The Economic Survey 2012-13 projects a gloomy picture of the economy, except for a sliver of hope that the current downturn may have run its course. The solutions it has recommended for fixing the problems are only too well-known by now. But any possible recovery will depend on whether or not the Government can take the tough decisions, with elections barely a year away.
But most importantly, the Survey has said that the government will have figure out ways of increasing tax revenues, rather than just scrimping on expenditure to balance its account books.
On the positive side, the Survey view the medium term fiscal consolidation plan as credible, and the Government will be able to achieve its fiscal deficit target of 5.3 percent for the current year. It sees mixed signals of industrial growth having bottomed out, and that GDP is likely to grow 6.1-6.7 percent next year. Wholesale price inflation is seen between 6.2-6.7 percent by March this year, and that lower inflation would give more elbow room for the RBI to cut interest rates.
But there are a host of concerns, most prominent one being the widening trade deficit and consequently the current account deficit, which is seen at 4.6 percent for this fiscal. Revenue collection target for FY13 is likely to be significantly below target, and industry growth is still vulnerable to local and global factors. And while there is an urgent need to cut down on subsidies, food subsidy bill is set to rise because of the Food Security Bill.
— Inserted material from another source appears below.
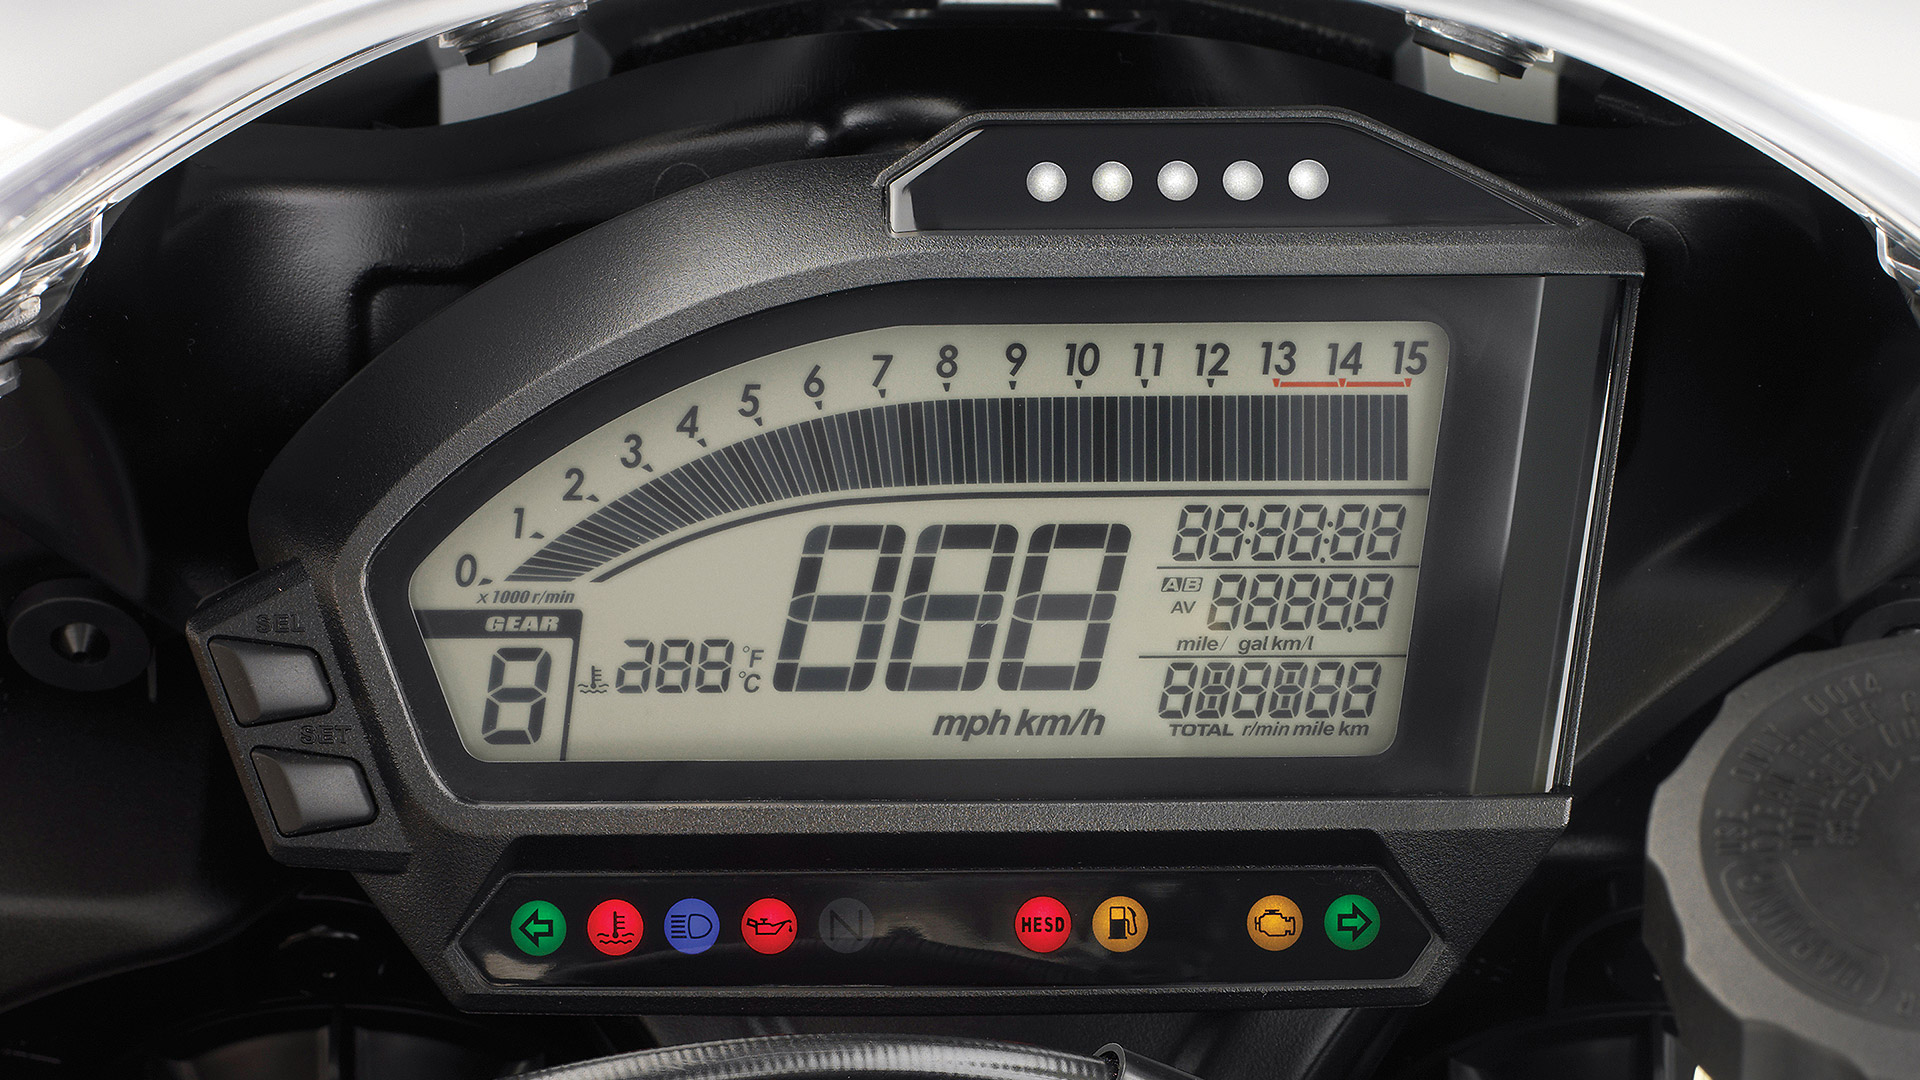 Honda CBR 1000RR 2015 Compare

The Survey sees oil subsidies as a key fiscal risk, and that the government needs to raise diesel and LPG prices in line with global rates. On the flipside, higher diesel prices could push up inflation.
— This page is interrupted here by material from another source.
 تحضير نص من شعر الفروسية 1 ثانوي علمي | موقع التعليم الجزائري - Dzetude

There is limited room to grow exports, given adverse local and global factors. That being the case, the only way current account deficit can be kept in check is by reducing imports of gold and oil.
"Given soaring energy and transportation needs, since there seems to be little we can do to temper oil imports, gold is the component that needs to be contained to bring the CAD back to a comfort zone,” the Survey says.
And the Survey says that focusing largely on expenditure cutback may not be the right way to achieve fiscal consolidation.
"It is better to acheive fiscal consolidation partly through a higher tax-GDP ratio than merely through reduction in the expenditure to GDP ratio, in view of large unmet development needs. It is much better to achieve a higher tax-GDP ratio by broadening the base which is taxed rather than increasing marginal tax rates significantly--higher and higher tax rates impinge more and more on incentives to undertake taxable activity, while encouraging tax evasion,” the Survey says.
The Survey says revival of investment in infrastructure is one of the key challenges before the government.
"Policies to remove investment bottlenecks as well as structural reforms to encourage productive investment and its financing are essential, as is more accommodative monetary policy (lower interest rates), as inflation abates," the Survey notes.